Show that the configuration (determinant) corresponding to the \(Li^+ 1s(\alpha )1s(\alpha )\) state vanishes.

Q2

Construct the 3 triplet and 1 singlet wavefunctions for the \(Li^+ 1s^12s^1\) configuration.
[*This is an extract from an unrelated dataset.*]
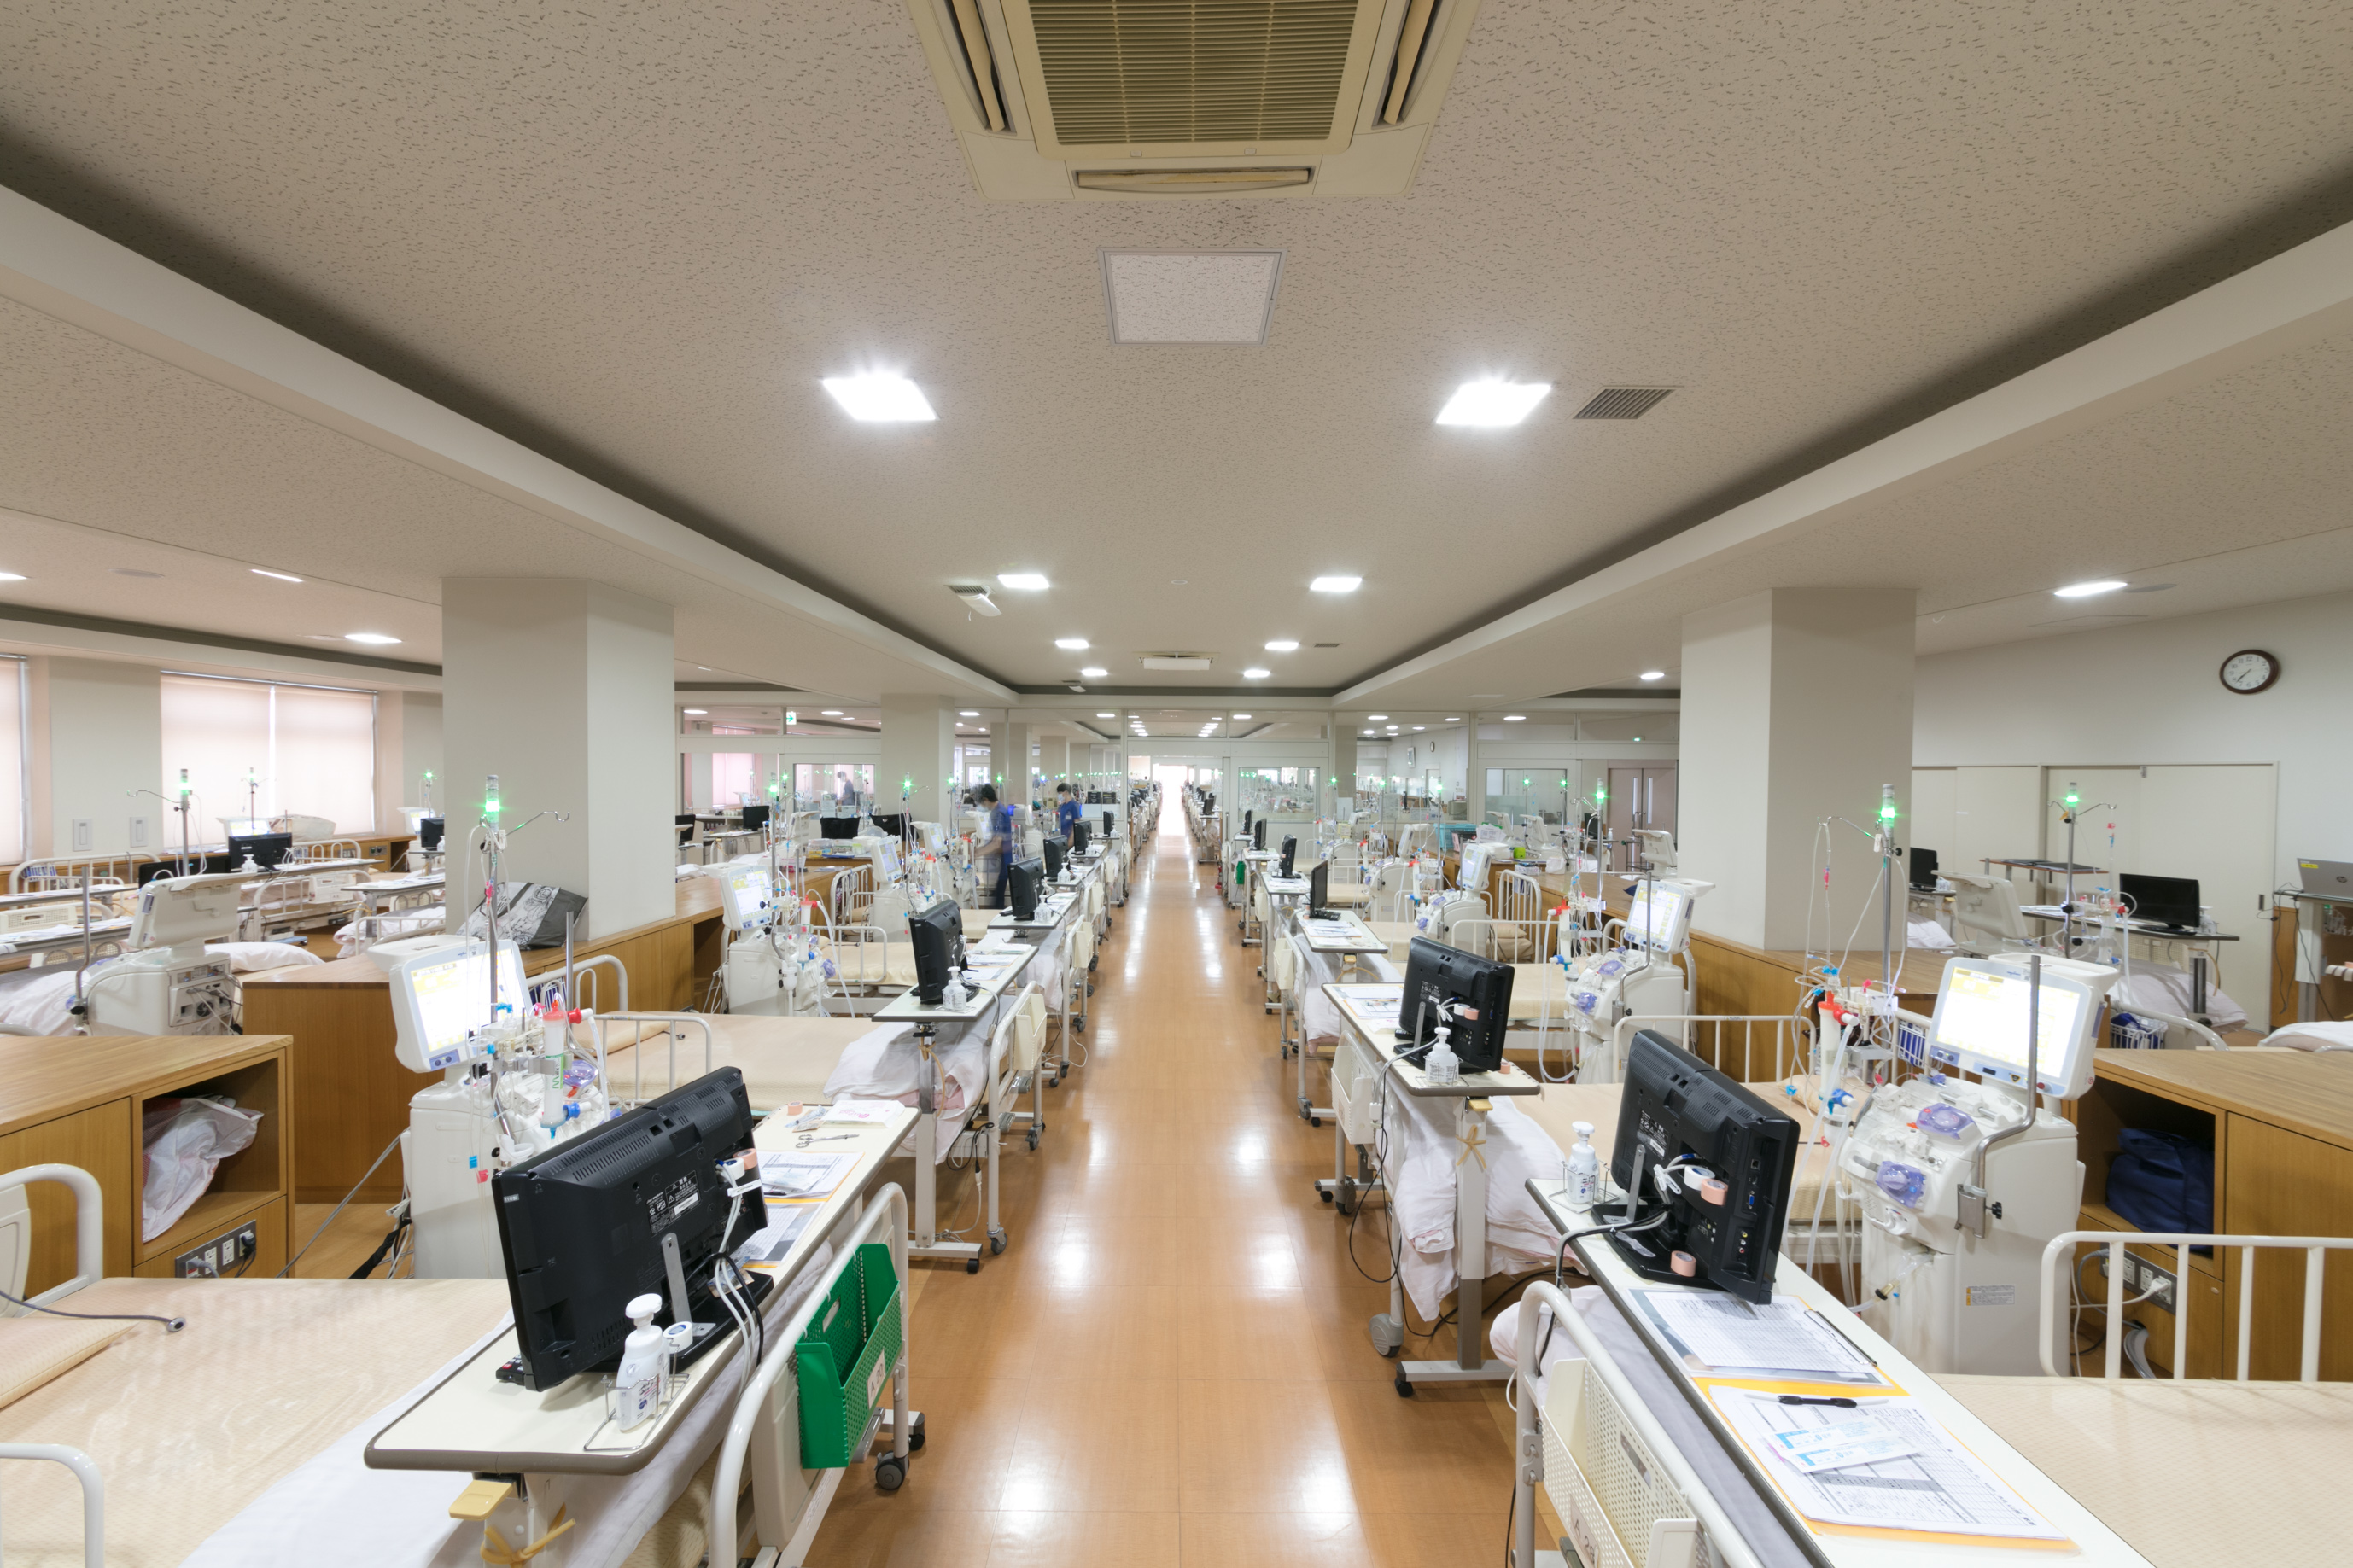 【正看護師(透析室)】子育て中の方などは勤務時間帯相談可◆人工透析治療に関わる医療技術をはじめ、泌尿器科専門の「腎の総合病院」

Show that each state is a proper eigenfunction of \(S^2 \text{ and } S_z\) (use raising and lowering operators for \(S^2\))

Q3

Construct wavefunctions for each of the following states of \(CH_2:\)
\begin{align} &a.) & ^1B_1(1_{a1}^22_{a1}^21_{b2}^23_{a1}^11_{b1}^1) \\ &b.) & ^3B_1(1_{a1}^22_{a1}^21_{b2}^23_{a1}^11_{b1}^1) \\ & c.) & ^1A_1(1_{a1}^22_{a1}^21_{b2}^23_{a1}^2) \end{align}

Q4

Construct wavefunctions for each state of the \(1\sigma^22\sigma^23\sigma^21\pi^2\) configuration of NH.

Q5

Construct wavefunctions for each state of the \( 1s^12s^13s^1 \) configuration of Li.

Q6

Determine all term symbols that arise from the \( 1s^22s^22p^23d^1\) configuration of the excited N atom.

Q7

Calculate the energy (using Slater Condon rules) associated with the ep valence electrons for the following states of the C atom.

i. \(^3P(M_L=1,M_S=1),\)
ii. \(^3P(M_L=0,M_S=0),\)
iii. \(^1S(M_L=0, M_S=0), \text{ and } \)
iv. \(^1D(M_L=0, M_S=0)\).

Q8

Calculate the energy (using Slater Condon rules) associated with the \(\pi\) valence electrons for the following states of the NH molecule.
i. \(^1\Delta (M_L=2, M_S=0),\)
ii. \(^1\Sigma (M_L=0, M_S=0), \text{ and }\)
iii. \(^3\Sigma (M_L=0, M_S=0).\)